Your friend is probably wrong, due largely to the United States Constitution. Article IV, Section 1 of the United States Constitution provides "Full Faith and Credit shall be given in each State to the public Acts, Records and judicial Proceedings of every other State." It is a provision of the original Constitution and was intended to unify the Country while preserving the rights and powers of the states. The provision's primary goal was to ensure judgments by courts of one state would not be ignored by courts of other states. The clause is used primarily to enforce judgments.

The "full faith and credit" clause was applied in the recent dissolution of marriage case of Weiss v. Weiss. In Weiss, the parties were divorced in 1972 in Cook County, Illinois. Part of their settlement agreement, incorporated into the divorce judgment, required the husband to maintain a $100,000.00 life insurance policy with his ex-wife as beneficiary. The husband borrowed against the policy and the ex-wife went back to an Illinois court to enforce the judgment.

The ex-husband did not show up at the hearing on the wife's enforcement action. The court entered an order holding him in contempt of court and awarding his ex-wife $68,869.74 representing balances of loans under the life insurance policy, $2,597.46 to reimburse wife for re-instatement fee premiums and loan interest she paid, and $10,000.00 in attorney's fees, plus contempt until paid at the "statutory rate."

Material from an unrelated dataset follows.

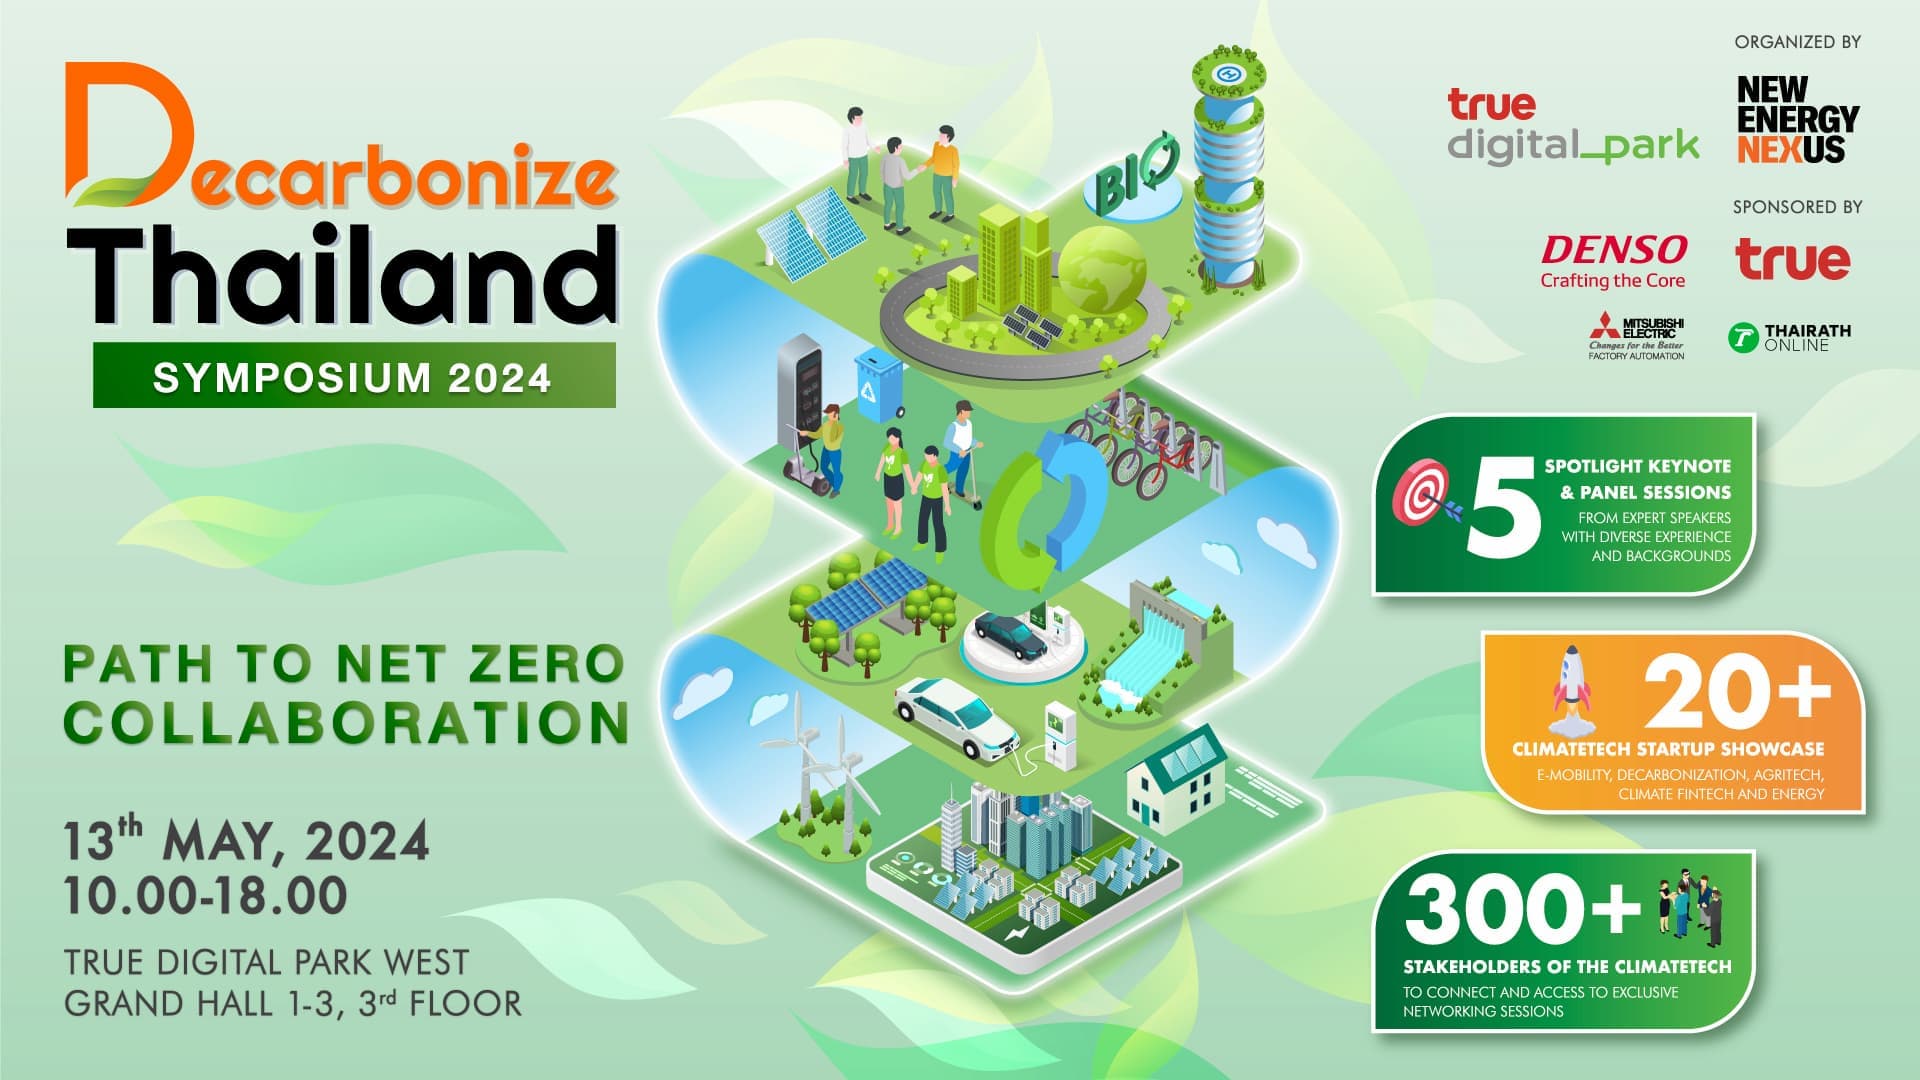 Decarbonize Thailand Symposium 2024: Path to Net Zero Collaboration
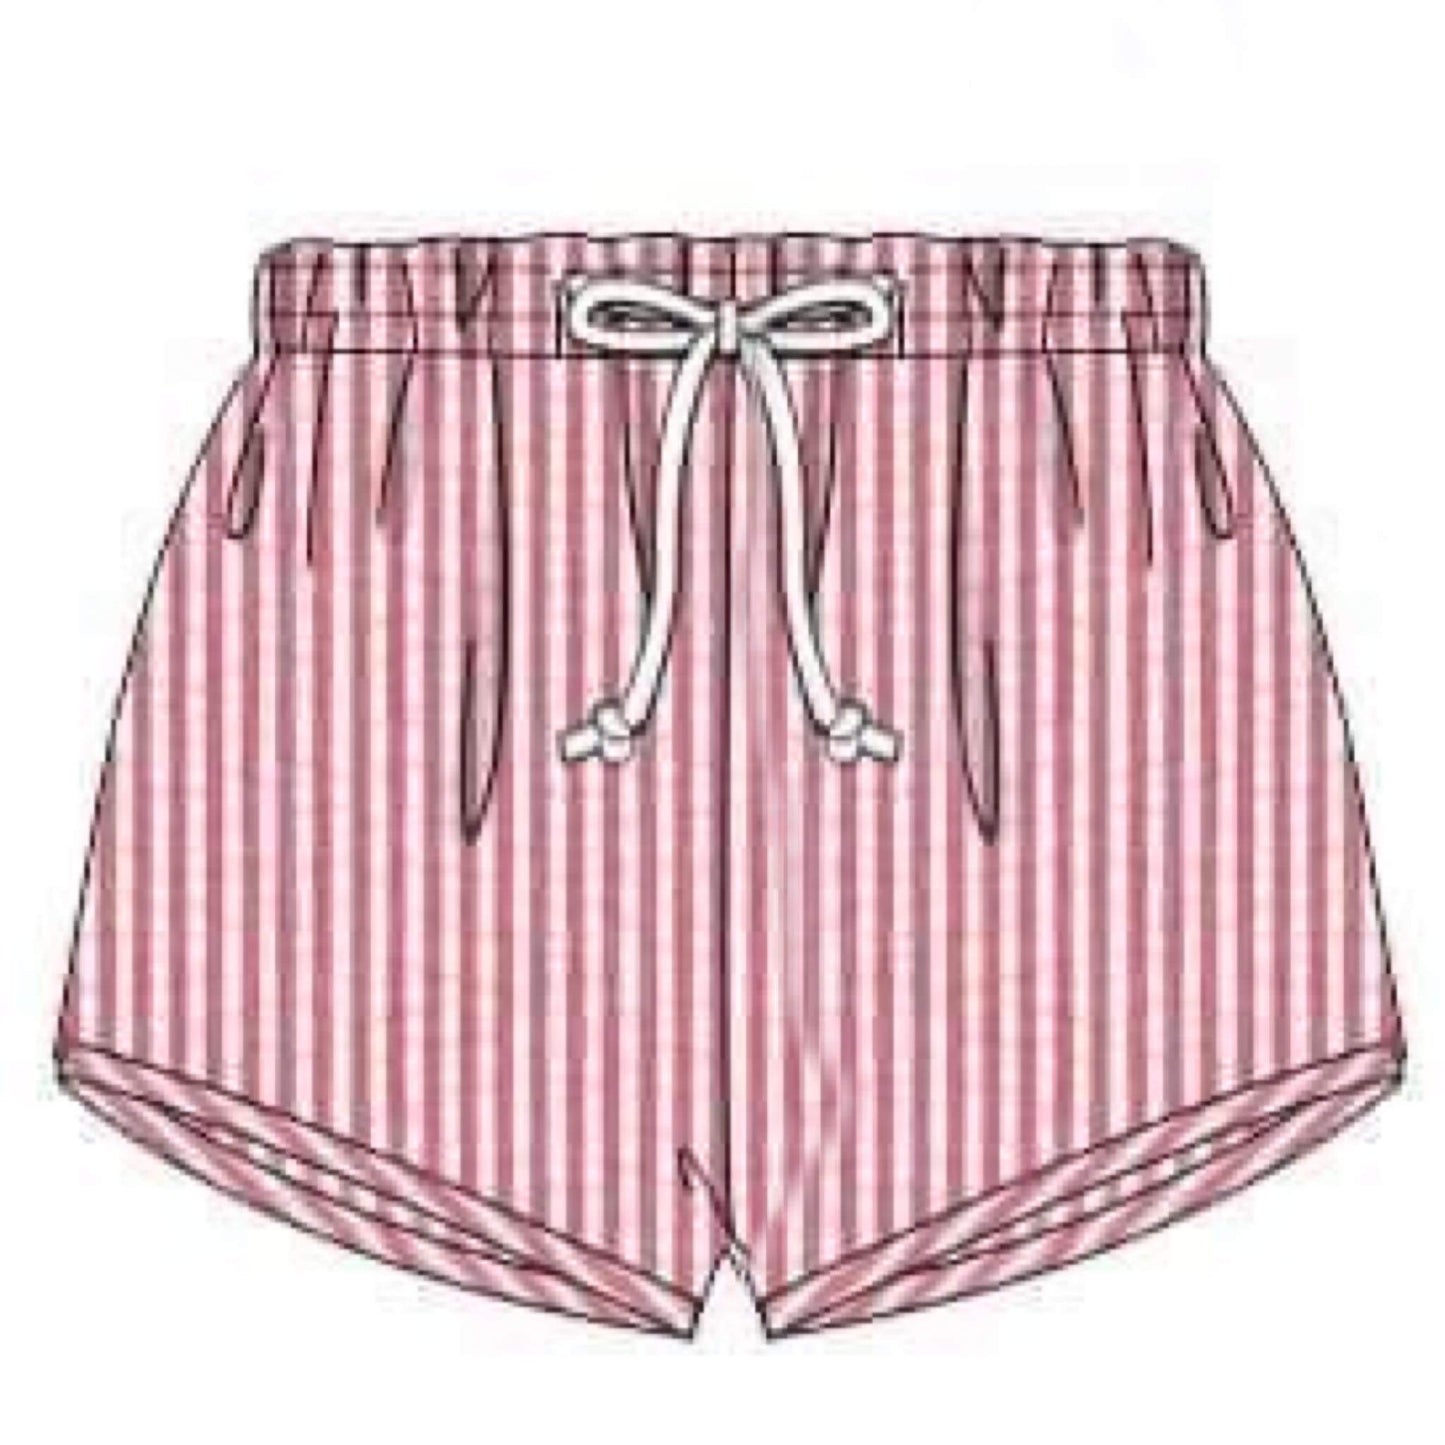 RTS: Wavy Flag Applique Collection- Boys Seersucker Super Shortie Shorts

The wife arranged for the order to be domesticated in Florida. That means, the order became the equivalent of a Florida court order. The wife then sought enforcement in Lee County and the Lee County court entered judgment for the amount due under the order and granted wife's request to enforce the contempt portion of the order. The ex-husband appealed.

The ex-husband argued that the insurance provision of the settlement agreement was property settlement and not support. Under Florida law, support provisions are enforceable by contempt but property settlement provisions are not. Remedies available to enforce a property settlement agreement are limited to those available to creditors against debtors generally. That might include garnishment, attachment of the ex-husband's property and the like, but not contempt of court.

The appellate court rejected the husband's argument. It ruled that under the "full faith and credit" clause, the Illinois judgment must be enforceable in Florida, even if a Florida court would not have authority to enter the same judgment in an original proceeding.

The ex-husband also argued that the trial court wrongly entered judgment for interest based on interest accruing on judgments in Illinois as opposed to the lower interest rate accruing on Florida judgments. Again, the appellate court disagreed. The court explained that the Illinois court had included an award of interest based on the "statutory rate" in its order. That meant the rate in Illinois. But, the court explained that after the order was domesticated, effectively becoming a Florida court order, the Florida statutory interest rate would apply from that point forward.

Finally, the ex-husband argued that because the public policy of Florida under Article I, Section 11 of Florida's Constitution does not allow incarceration to pay a debt, a Florida court may not resort to the contempt to punish the ex-husband's failure to abide by terms of the property settlement provision. This last argument also failed because the appellate court pointed out that there are a number of coercive civil sanctions available to enforce a contempt order, including incarceration, garnishment of wages, ordering additional employment, filing of reports, fines, and revocation of a driver's license. Since no court had ordered the husband be incarcerated, the husband's argument was deemed premature.

Based upon the Weiss case, it would appear that your friend's advice is wrong. But, the exact facts of your situation will determine the outcome. I suggest you discuss your case with an experience attorney for legal advice as to what might happen if you fail to comply with the terms of your divorce judgment.